What does this have to do with the image of God?  Well, do we honor that image when we lie about the deceased?  Man seems to want to remember well about everyone once they die – unless, of course, they have already been vilified publicly - like Hitler, Stalin or Mao.  I am sure families have shed tears, perhaps in secret, for each of these men – as well they should.  Life is precious, even for the likes of Saddam.  I do not moan the loss of life for someone like Saddam, but I do for the possible loss of their soul into eternity.

I would not claim to know the spiritual state of James Brown or Gerald Ford prior to their deaths.  Due to the culture in which they have lived, they had ample opportunity to have made their peace with God. 
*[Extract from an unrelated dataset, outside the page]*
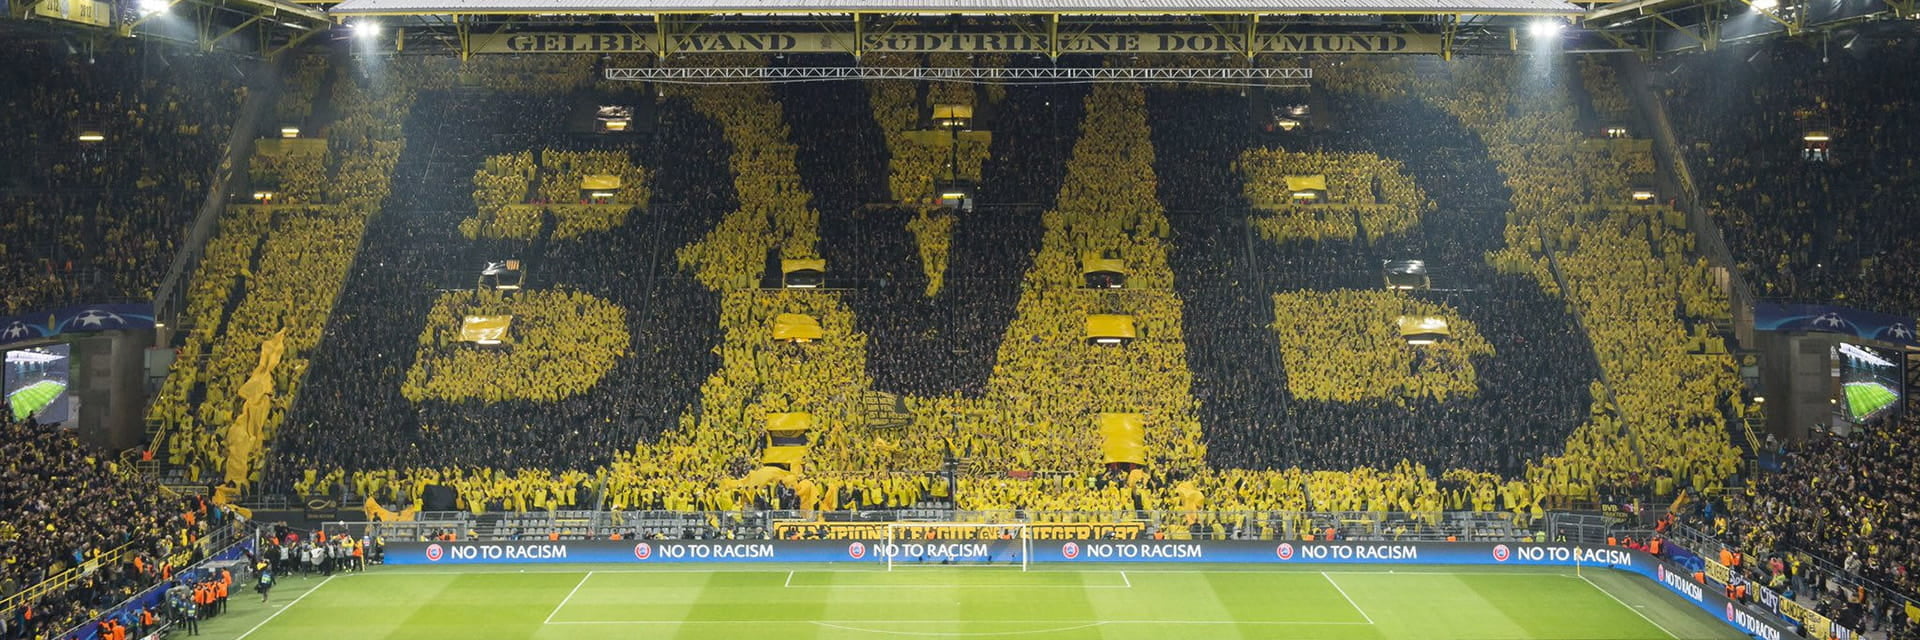 Borussia Dortmund - VfL Bochum, 6 novemberom 15:30

And, what of someone like Hussein?  I wonder if anyone in the Army units which held him offered to speak with him about salvation.  I know this is so terribly politically incorrect of me to even think!  The world wanted him dead and they got it.  But, even a man of such destruction, as he was, still needs to hear the word of the true God and was deserving of our prayers.

Take a moment today and remember the leaders of your country, state, city, church, etc in prayer – for God’s wisdom to be theirs, for their salvation as needed, for the softening of their hearts.  Then, remember your enemies in prayer – anyone whom you dislike, pray for them!  And if you are like the many, pray for God to open you heart, to respect that image of Himself.
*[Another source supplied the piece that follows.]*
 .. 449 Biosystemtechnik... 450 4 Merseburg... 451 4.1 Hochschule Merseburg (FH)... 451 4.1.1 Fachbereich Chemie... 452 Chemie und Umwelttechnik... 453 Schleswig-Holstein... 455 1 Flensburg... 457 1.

Remember, prayer changes things …….

Monday, December 10, 2007

Honey, Cover Those Up!


I learned on Saturday what Diedre had been up to last week.  She had taken oldest daughter off to get photographs of grandmother with OD and the baby.  Diedre is often intuitive and was thinking my grandmother would not be able to make Christmas with the family as my uncle is planning!  Of course, no one ever tells me anything around here!

I guess she is right from the pictures she showed me.  Grandmother is not conscious most of the time these days.  The visit did not go very well as grandmother could not stay awake and even fell asleep while holding the baby.  She also did not recognize OD, which upset her from what I was told.

So, Saturday night Diedre and I are sitting in a pub (family and food area, booze on the other side of a short wall) discussing this.  I was of course a little sorrowful.  Eventually, two bosomy young women came in and sat at the table next to us.  Now mind you it was obvious these young women were looking for action and had dressed most, uhm, provocatively with not much left inside their blouses.

Our food eventually arrives and I said a short, quiet blessing over it, as I always do.  Now I hear this, “Oh my God!” from the table next to us and turn to see young woman number one hastily buttoning her shirt while number two has grasped her breasts crying, “But, I have no more buttons!” and rushes out of the dining area, closely followed by the other.  Everyone had a great laugh over that one!  A few teenage boys looked dejected though.

So I guess the best way to encourage modesty, is through prayer?

Later Diedre commented that I had shown amazing restraint by not staring at them as every other male was doing.  But, you know honestly, I was in so much pain by then nothing would have turned my head except a morphine dispenser!  Besides, what did those young women have to offer?  I will stick to my belief that a woman dressed in jeans and a flannel shirt is the best looker around…  (Of course, that would also be no woman I have ever met.)

I know, I know, I am twisted, warped, sick, demented.